Directions for this task: In the data below, the answer is the run of lines from the line containing "Alfred Stevens, Die" through the line containing "Trong chương trình", both included; print it exactly and nothing else.

Excerpts from a dataset:
>>>

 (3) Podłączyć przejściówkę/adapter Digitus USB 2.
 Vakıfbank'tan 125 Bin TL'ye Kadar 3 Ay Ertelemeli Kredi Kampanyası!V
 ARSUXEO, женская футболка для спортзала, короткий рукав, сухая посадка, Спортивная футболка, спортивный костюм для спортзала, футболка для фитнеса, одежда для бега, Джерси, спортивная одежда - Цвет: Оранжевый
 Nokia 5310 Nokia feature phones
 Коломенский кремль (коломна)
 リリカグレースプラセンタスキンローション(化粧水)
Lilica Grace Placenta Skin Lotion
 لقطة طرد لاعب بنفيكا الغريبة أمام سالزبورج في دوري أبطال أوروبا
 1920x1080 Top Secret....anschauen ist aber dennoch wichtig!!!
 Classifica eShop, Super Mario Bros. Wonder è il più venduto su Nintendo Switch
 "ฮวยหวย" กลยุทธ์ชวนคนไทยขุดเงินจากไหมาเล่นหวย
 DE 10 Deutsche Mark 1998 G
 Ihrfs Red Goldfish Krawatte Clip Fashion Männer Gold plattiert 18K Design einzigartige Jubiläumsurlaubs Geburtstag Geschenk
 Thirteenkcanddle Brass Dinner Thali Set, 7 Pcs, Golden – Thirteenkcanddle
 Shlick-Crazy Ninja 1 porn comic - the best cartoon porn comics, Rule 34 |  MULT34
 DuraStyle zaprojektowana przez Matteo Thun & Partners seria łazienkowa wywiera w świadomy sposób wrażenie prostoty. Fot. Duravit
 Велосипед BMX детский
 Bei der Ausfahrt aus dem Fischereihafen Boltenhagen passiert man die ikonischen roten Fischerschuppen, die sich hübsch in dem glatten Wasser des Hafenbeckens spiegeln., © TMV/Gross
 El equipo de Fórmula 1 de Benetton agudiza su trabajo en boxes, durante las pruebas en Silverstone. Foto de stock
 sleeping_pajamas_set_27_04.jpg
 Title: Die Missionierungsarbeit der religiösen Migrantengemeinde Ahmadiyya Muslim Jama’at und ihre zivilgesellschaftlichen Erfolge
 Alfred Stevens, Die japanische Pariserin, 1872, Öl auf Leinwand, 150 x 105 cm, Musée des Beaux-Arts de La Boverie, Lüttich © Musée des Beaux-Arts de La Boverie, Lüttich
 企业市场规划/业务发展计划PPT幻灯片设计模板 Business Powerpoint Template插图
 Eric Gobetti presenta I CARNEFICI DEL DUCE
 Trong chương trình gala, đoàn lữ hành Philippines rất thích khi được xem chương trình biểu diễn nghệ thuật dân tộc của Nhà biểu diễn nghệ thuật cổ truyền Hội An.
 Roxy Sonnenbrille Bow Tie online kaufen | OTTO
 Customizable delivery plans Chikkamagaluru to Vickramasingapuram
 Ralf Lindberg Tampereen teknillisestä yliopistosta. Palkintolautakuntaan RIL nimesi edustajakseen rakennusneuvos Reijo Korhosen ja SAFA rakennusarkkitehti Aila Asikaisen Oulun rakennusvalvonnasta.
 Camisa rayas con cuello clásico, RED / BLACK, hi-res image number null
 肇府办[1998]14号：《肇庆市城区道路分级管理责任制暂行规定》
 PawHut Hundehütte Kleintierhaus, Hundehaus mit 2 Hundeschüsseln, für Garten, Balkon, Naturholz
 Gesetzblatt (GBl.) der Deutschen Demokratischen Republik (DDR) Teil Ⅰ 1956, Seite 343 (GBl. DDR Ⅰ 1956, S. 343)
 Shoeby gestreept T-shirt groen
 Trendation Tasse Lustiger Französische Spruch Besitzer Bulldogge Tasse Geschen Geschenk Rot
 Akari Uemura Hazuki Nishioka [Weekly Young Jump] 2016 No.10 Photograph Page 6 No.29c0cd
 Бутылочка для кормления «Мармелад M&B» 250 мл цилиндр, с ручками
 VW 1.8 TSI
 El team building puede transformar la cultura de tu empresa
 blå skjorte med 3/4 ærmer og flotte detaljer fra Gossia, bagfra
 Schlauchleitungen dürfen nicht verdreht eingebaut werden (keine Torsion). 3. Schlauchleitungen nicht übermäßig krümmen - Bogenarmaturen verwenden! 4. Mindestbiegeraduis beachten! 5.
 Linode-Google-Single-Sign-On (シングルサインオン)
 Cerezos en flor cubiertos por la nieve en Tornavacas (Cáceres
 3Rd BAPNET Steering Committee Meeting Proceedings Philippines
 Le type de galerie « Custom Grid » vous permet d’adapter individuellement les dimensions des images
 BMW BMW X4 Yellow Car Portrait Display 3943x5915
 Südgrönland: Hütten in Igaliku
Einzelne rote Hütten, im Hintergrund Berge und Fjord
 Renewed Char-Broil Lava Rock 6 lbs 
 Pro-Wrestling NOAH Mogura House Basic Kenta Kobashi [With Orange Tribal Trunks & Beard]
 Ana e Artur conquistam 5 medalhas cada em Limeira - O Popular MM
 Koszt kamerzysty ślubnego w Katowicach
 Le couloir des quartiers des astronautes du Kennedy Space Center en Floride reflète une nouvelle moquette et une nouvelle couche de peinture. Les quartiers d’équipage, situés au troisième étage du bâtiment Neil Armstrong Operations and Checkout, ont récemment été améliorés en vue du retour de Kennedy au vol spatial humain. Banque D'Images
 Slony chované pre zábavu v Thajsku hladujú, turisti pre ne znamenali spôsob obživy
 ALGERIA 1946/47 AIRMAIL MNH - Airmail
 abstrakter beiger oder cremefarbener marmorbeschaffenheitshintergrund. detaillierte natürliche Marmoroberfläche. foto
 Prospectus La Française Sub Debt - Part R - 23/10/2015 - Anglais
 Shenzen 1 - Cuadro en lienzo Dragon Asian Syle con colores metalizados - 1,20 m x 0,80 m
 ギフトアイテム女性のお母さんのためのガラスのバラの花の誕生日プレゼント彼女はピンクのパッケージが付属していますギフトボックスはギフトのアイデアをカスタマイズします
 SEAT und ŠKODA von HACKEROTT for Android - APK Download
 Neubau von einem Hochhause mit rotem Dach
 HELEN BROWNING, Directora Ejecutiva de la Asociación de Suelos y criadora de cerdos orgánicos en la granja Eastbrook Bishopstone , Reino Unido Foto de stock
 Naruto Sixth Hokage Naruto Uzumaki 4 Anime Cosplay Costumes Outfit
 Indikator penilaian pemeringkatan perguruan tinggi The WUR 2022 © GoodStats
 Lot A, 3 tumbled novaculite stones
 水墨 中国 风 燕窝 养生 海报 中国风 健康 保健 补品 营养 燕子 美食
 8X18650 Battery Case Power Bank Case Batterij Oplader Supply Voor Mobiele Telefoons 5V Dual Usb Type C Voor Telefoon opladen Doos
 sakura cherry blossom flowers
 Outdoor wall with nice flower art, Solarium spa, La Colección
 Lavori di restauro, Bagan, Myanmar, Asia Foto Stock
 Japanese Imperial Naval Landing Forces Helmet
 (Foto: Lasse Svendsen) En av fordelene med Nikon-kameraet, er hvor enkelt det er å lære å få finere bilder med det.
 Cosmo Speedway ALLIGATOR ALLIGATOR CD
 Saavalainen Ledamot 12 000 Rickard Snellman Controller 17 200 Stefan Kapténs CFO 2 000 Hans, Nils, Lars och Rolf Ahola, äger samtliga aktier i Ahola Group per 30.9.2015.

<<<

Solution for this exercise:
 Alfred Stevens, Die japanische Pariserin, 1872, Öl auf Leinwand, 150 x 105 cm, Musée des Beaux-Arts de La Boverie, Lüttich © Musée des Beaux-Arts de La Boverie, Lüttich
 企业市场规划/业务发展计划PPT幻灯片设计模板 Business Powerpoint Template插图
 Eric Gobetti presenta I CARNEFICI DEL DUCE
 Trong chương trình gala, đoàn lữ hành Philippines rất thích khi được xem chương trình biểu diễn nghệ thuật dân tộc của Nhà biểu diễn nghệ thuật cổ truyền Hội An.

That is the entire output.